I am trying to understand the proof of the Gauss-Wantzel Theorem given on page 601 of Abstract Algebra by Dummit and Foote.
Proposition 14.5.29 (Gauss-Wantzel): A regular $n$-gon can be constructed by a straightedge and compass if and only if $n = 2^k p_1 \cdots p_r$ is the product of a power of $2$ and distinct Fermat primes.
The proof they outline is as follows:
- Recall that $\alpha \in \mathbb{R}$ is constructible over $\mathbb{Q}$ if and only if the field $\mathbb{Q}(\alpha)$ is contained in a field $K$ obtained by a series of quadratic extensions: \begin{equation*} \mathbb{Q} = K_0 \subset \dots \subset K_m = K \end{equation*} with $[K_{i + 1} : K_i] = 2$ for all $i$.
- Constructing a regular $n$-gon is equivalent to constructing the $n$-th roots of unity $1, \zeta_ n, \zeta_n^2, \dots, \zeta_n^{n -1}$ since they form the vertices of a unit regular $n$-gon. The roots of unity $1, \zeta_n, \zeta_n^2, \dots, \zeta_n^{n -1}$ are constructible if and only if $\zeta_n$ is constructible since powers of constructible numbers are constructible (they form a field). Furthermore, $\zeta_n = e^{2\pi i/n} = \cos(\frac{2\pi}{n}) + i \sin(\frac{2\pi}{n})$ is constructible if and only if $\cos(\frac{2\pi}{n})$ and $\sin(\frac{2\pi}{n})$ are constructible and as $\sin(\frac{2\pi}{n}) = \sqrt{1 - \cos^2(\frac{2\pi}{n})}$, we see $\zeta_n$ is constructible if and only if $\cos(\frac{2\pi}{n})$ is constructible. Therefore, the regular $n$-gon is constructible if and only if $\cos(\frac{2\pi}{n})$ is constructible.
- Note that $\zeta_n$ satisfies $\zeta_n^2 - 2 \cos(2\pi/n) \zeta_n + 1 = 0$ over $\mathbb{Q}(\cos(2\pi/n))$. Since $\mathbb{Q}(\cos(2\pi/n))$ consists only of real numbers it follows that $[\mathbb{Q}(\zeta_n) : \mathbb{Q}(\cos(2\pi/n))] = 2$, so $[\mathbb{Q}(\cos(2\pi/n)) : \mathbb{Q}] = \phi(n)/2$.
- The regular $n$-gon is constructible if and only if $\phi(n)$ is a power of 2.
(i) For one direction, if a chain of extensions as in (1) exists, then $\phi(n) = [\mathbb{Q}(\zeta_n) : \mathbb{Q}] = [\mathbb{Q}(\zeta_n) : \mathbb{Q}(\cos(2\pi/n) = K_m] [K_m : K_{m - 1}] \dots [K_1 : K_0 = \mathbb{Q}] = 2^{m + 1}$.

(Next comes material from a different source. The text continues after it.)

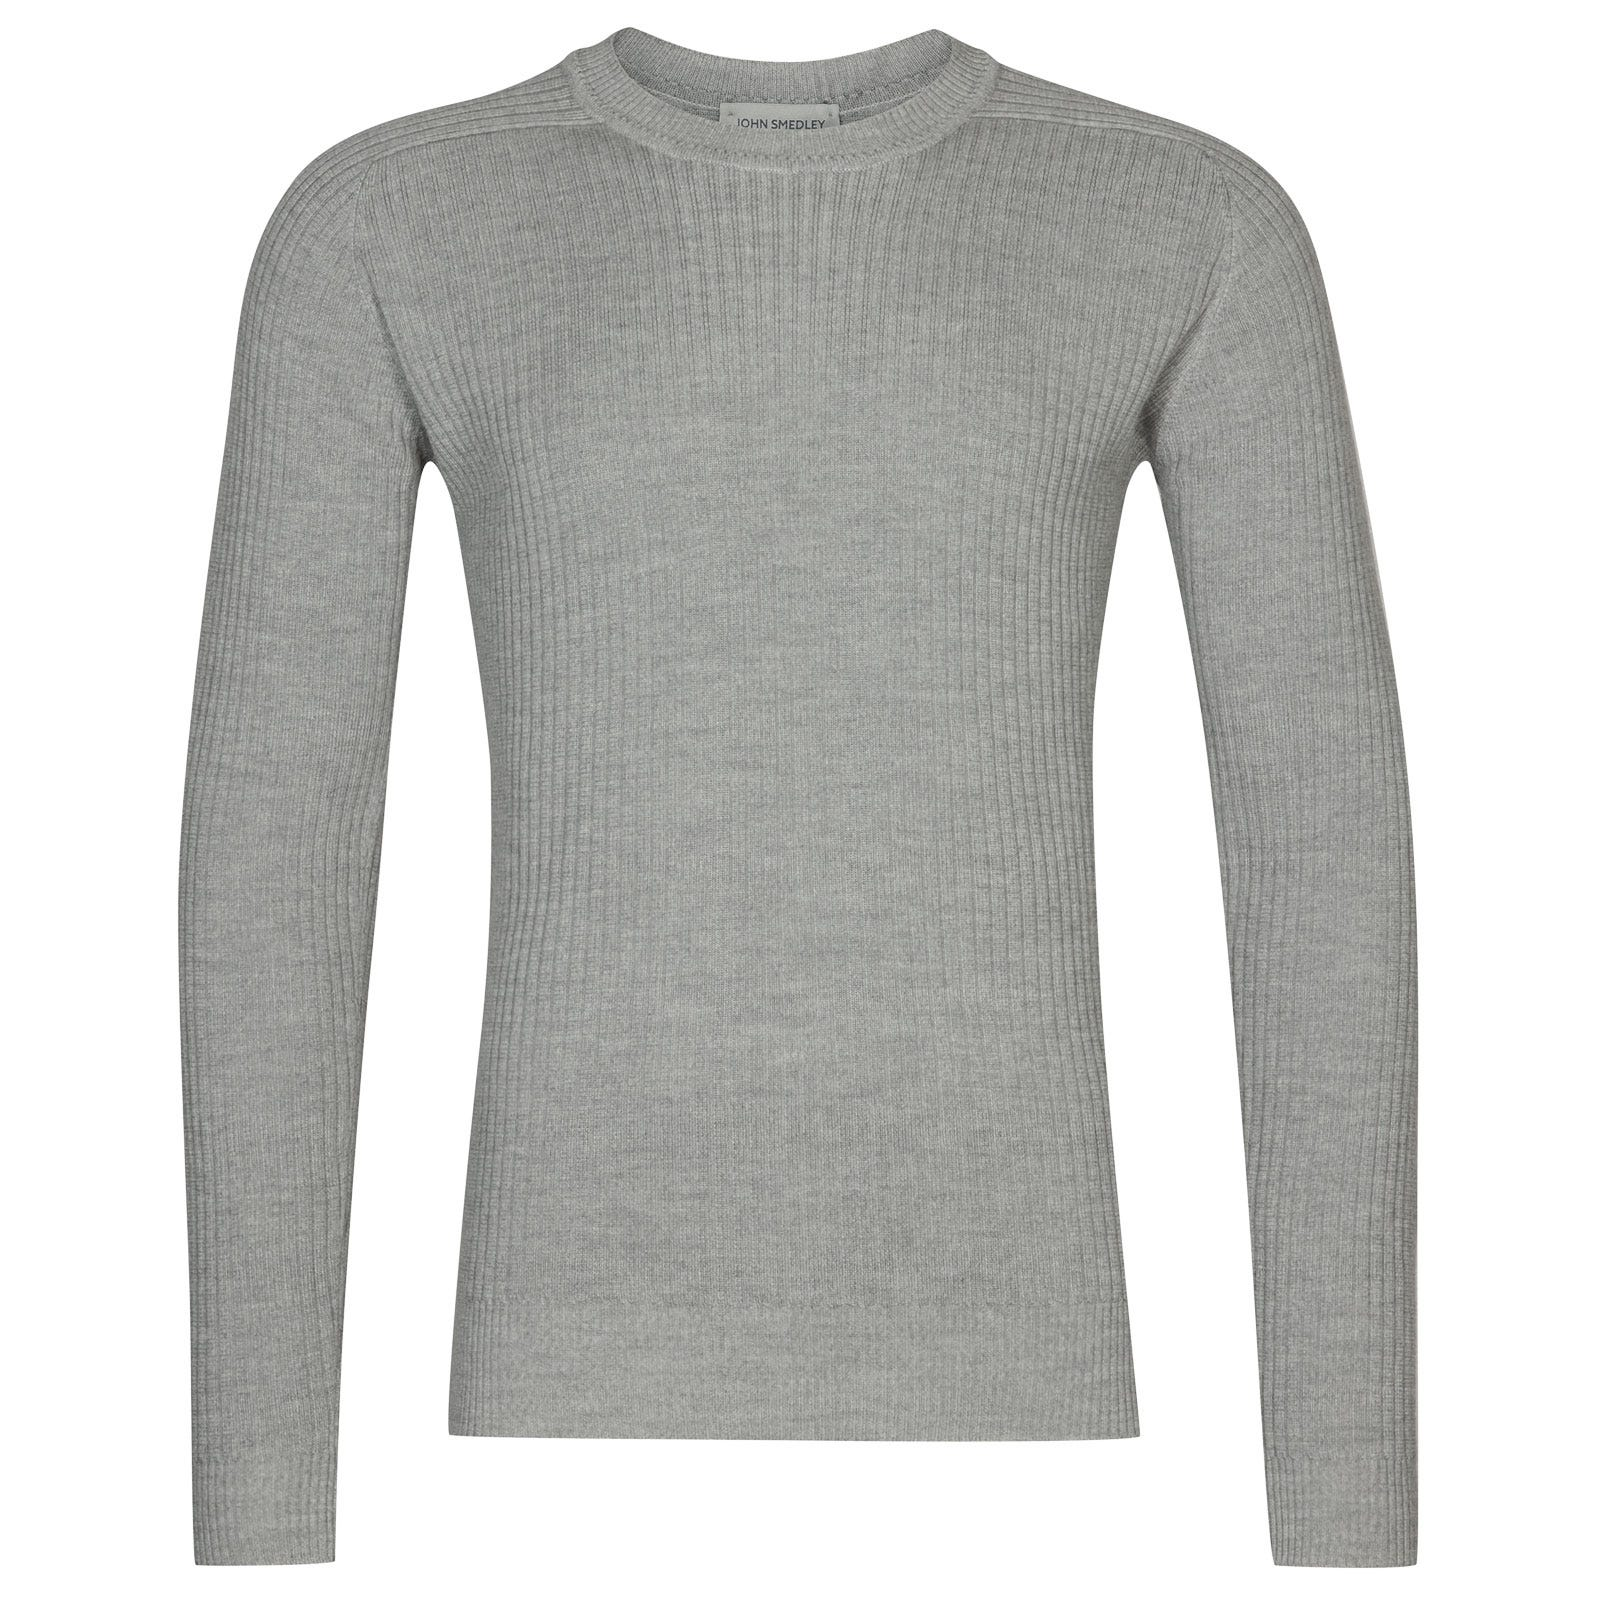 John Smedley idris Merino Wool Pullover in Bardot Grey-M

(ii) Conversely if $\phi(n) = 2^m$ is a power of 2, then the Galois group $\mathrm{Gal}(\mathbb{Q}(\zeta_n)/ \mathbb{Q})$ is an abelian group of order a power of 2, so the same is true for the Galois group $\mathrm{Gal}(\mathbb{Q}(\cos(2\pi/n))/\mathbb{Q})$. It is easy to see by the fundamental theorem of abelian groups that the an abelian group $G$ of order $2^m$ has a chain of subgroups \begin{equation*} G = G_m > G_{m - 1} > \dots > G_{i + 1} > G_i > \dots > G_0 = 1 \end{equation*} with $[G_{i + 1} : G_i] = 2$ for all $i$. Applying this to the Galois group $G = \mathrm{Gal}(\mathbb{Q}(\cos(2\pi/n))/\mathbb{Q})$, and taking the fixed fields for the subgroups $G_i$, by the Fundamental Theorem of Galois Theory, we obtain the required sequence of quadratic extensions.
- $\phi(n)$ is a power of 2 if and only if $\phi(n)$ is a power of 2.
I am having trouble understanding 4(ii), the claim that by fundamental theorem of abelian groups that an abelian group $G$ of order $2^m$ has a chain of subgroups $G = G_m > \cdots G_0 = 1$ with $[G_{i + 1} : G_i] = 2$. How does this follow from the fundamental theorem of abelian groups?